Changed the name of this issue so that it's more reflective of the current scope 🙃

andrewtavis commented 1 year ago

As stated in #286, a lot of what was problematic in here was coming from the way the autosuggestions lexicon was being made :) All keyboards are loading much faster at this point except Russian — the original problematic one because of its 194k noun dataset — which is still loading slowly. On an emulator it is loading though, which before #286 was not the case.

This issue and #284 are now the last issues before we can finally do the v2.2.0 release with so many new additions 😊🚀

SaurabhJamadagni commented 1 year ago

This issue and https://github.com/scribe-org/Scribe-iOS/issues/284 are now the last issues before we can finally do the v2.2.0

AWESOME! 🚀
What's the plan on this one @andrewtavis? How are we going to proceed?

andrewtavis commented 1 year ago

I'm gonna start looking at the documentation for ~~SQLite.swift~~ GRDB.swift and then try to wrap my head around it all, @SaurabhJamadagni. Really would be good to get this done as there's so much that could go out at this point 😊

andrewtavis commented 1 year ago

I got into a bit of a groove over the last day and a half 😇😄

andrewtavis commented 1 year ago

@SaurabhJamadagni, if you also want to look into ~~SQLite.swift~~ GRDB.swift that would be really great 🙏😊 Then each of us can put any ideas that we get into this issue and we can then make a plan to switch it all over. There are tons of places where data is being referenced, so I think the big thing here is to maybe make the tables and load the data into them first, and then switch over the app table by table while checking that everything works (so first nouns, then verbs, etc).
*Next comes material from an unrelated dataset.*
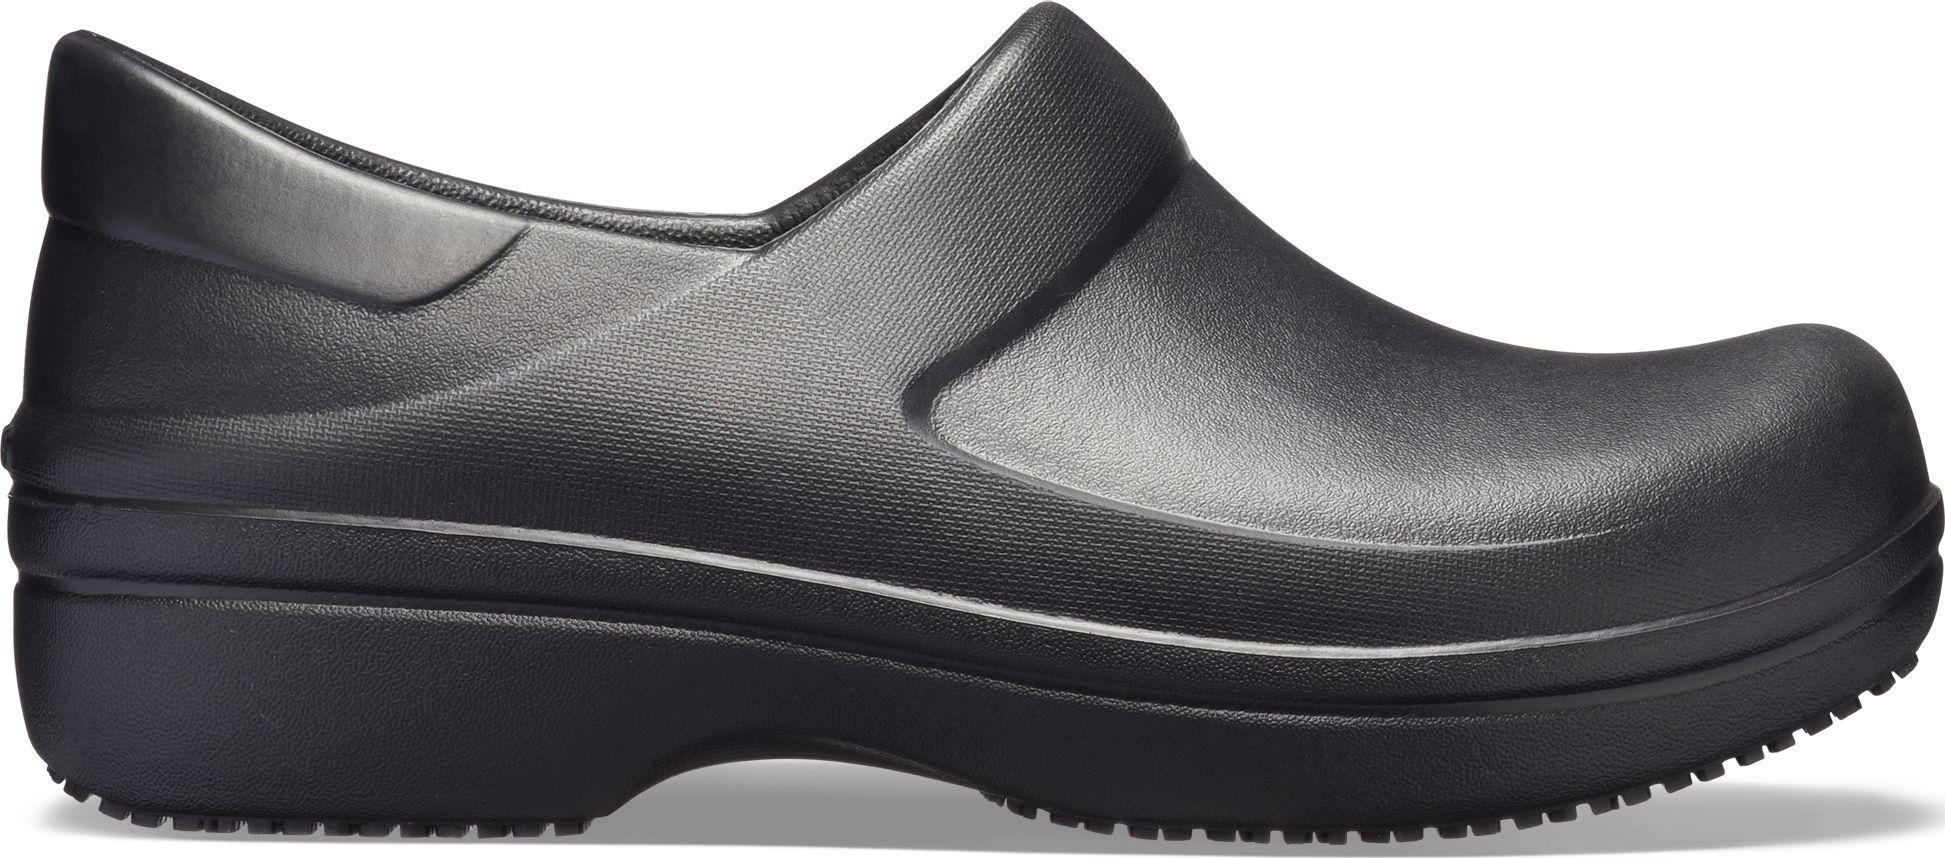 Crocs™ Women's Neria Pro II Clog Black 38,5

Let me know how this sounds :) :)

andrewtavis commented 1 year ago

@SaurabhJamadagni, I edited the above links and changed them to GRDB.swift as I think I'd like to go with that instead of SQLite.swift. Reasons for this are that the original maintainer is still working on GRDB.swift, these two Reddit pages (link, link), its been benchmarked against other solutions and won (maybe biased, but at least they did benchmark it), the issues are really well maintained (like I thought oh it's not used so much cuz there are no issues and then I was like 😮), and I generally really like the care that they put into all the docs that are right in the readme (I've already edited our readme a bit to borrow some of the stuff they do 😊).
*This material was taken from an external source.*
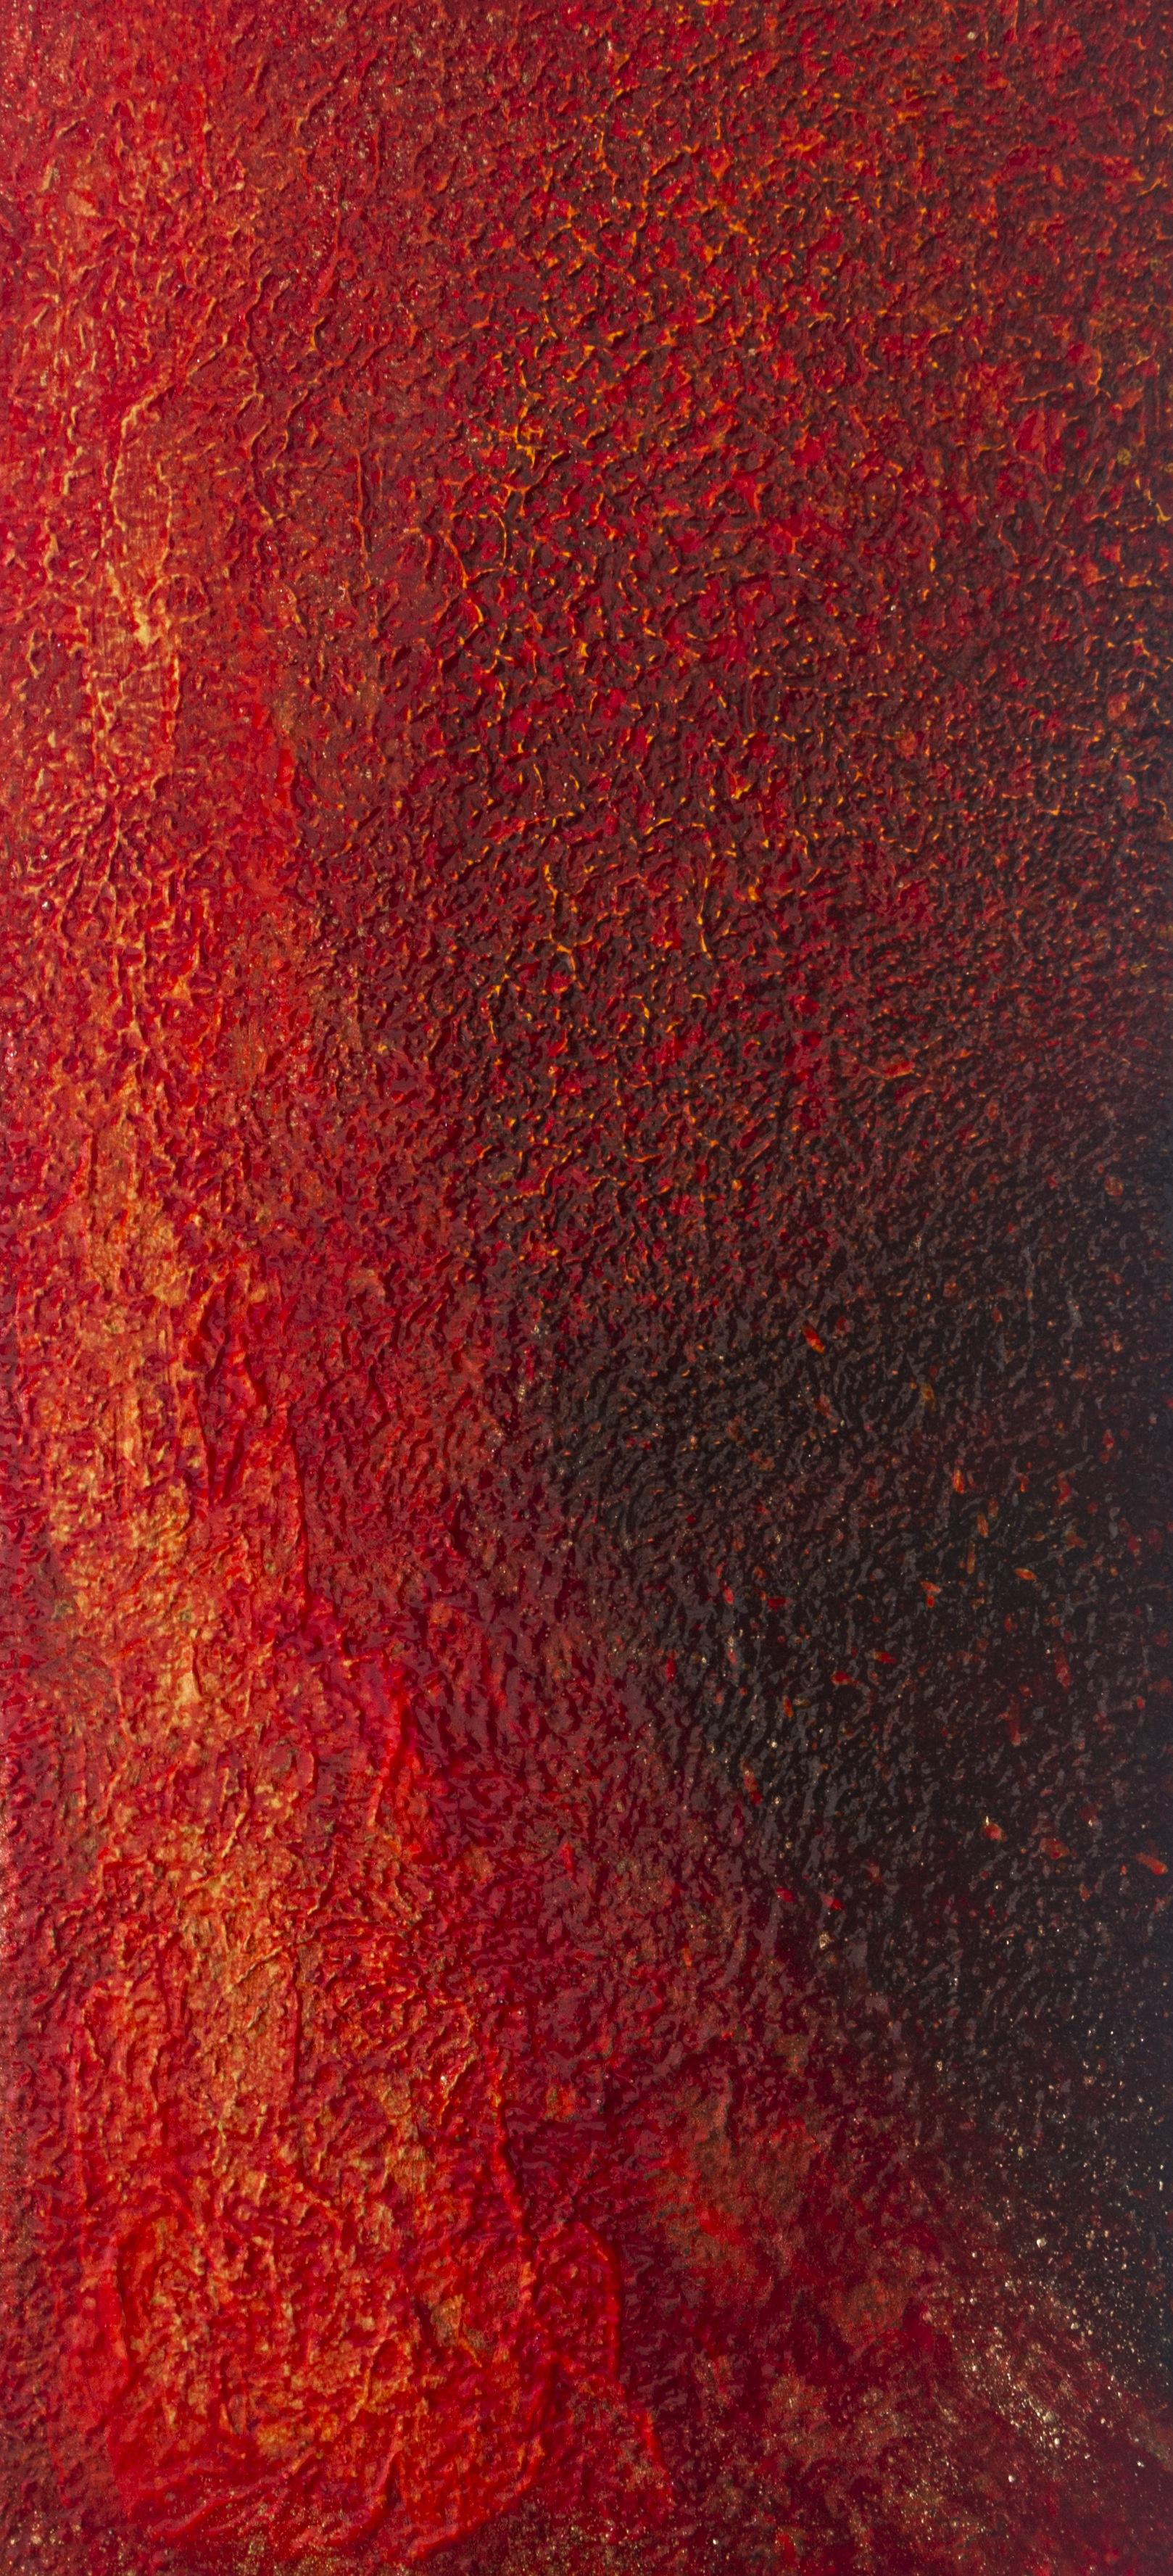 Ольга Акаси. Dark Red

Hope this sounds good to you! :)

andrewtavis commented 1 year ago

Notes on this (edited):

The GRDB readme docs and the Swift Package Index docs seem to be what we'll need
For GRDB there aren't many videos as Core Data seems to get the most love, but this one (ignore the pod installation) and the corresponding article were helpful
The big thing is that we'll need to switch over the .json file exports within Scribe-Data
- Beauty of this is that it's just us adding in an option to the data processing to export a .sqlite file that we can then reference via GRDB instead of a .json with SwiftyJSON
- There are tons of tools for this: we could use sqlite3 (Python standard library), SQLAlchemy or even pandas
- We likely still need to deal with JSON at some point as that's the Wikidata output we're getting via sparqlwrapper and we're not rewriting all of that 😅
- This article is on JSON to SQLite with sqlite3

andrewtavis commented 1 year ago

@wkyoshida, can I ask you to weigh in on this from the Scribe-Data side/your experience? Also given our discussion in https://github.com/scribe-org/Scribe-Data/issues/26, it'd be great if you'd share your opinions :)

A quick rundown for you:

We were having some bad lag on keyboard load that's mostly been fixed in #286
The Russian keyboard is still slow because of its 194k nouns, with the goal being that this issue will fix that and improve the overall data infrastructure of Scribe-iOS going forward
The suggestion was to switch over our JSON references to SQLite, and I decided on GRDB.swift via the reasons here

Questions I'm thinking about now:

Based on the future plans discussion we should be making one .sqlite file per language so that we can eventually download just the ones we need, correct?
How do we structure the process? I feel like the easiest way to get to a workable solution would be to have the same Python processes run and create the .json files that we have here in Scribe-Data (update_scribe_apps=false). After that we can write a Python file like "data_to_sqlite.py" that reads through the finalized .json files in a directory and puts their data into tables in an .sqlite file that's then moved over to Scribe-iOS as the .json files have been till now?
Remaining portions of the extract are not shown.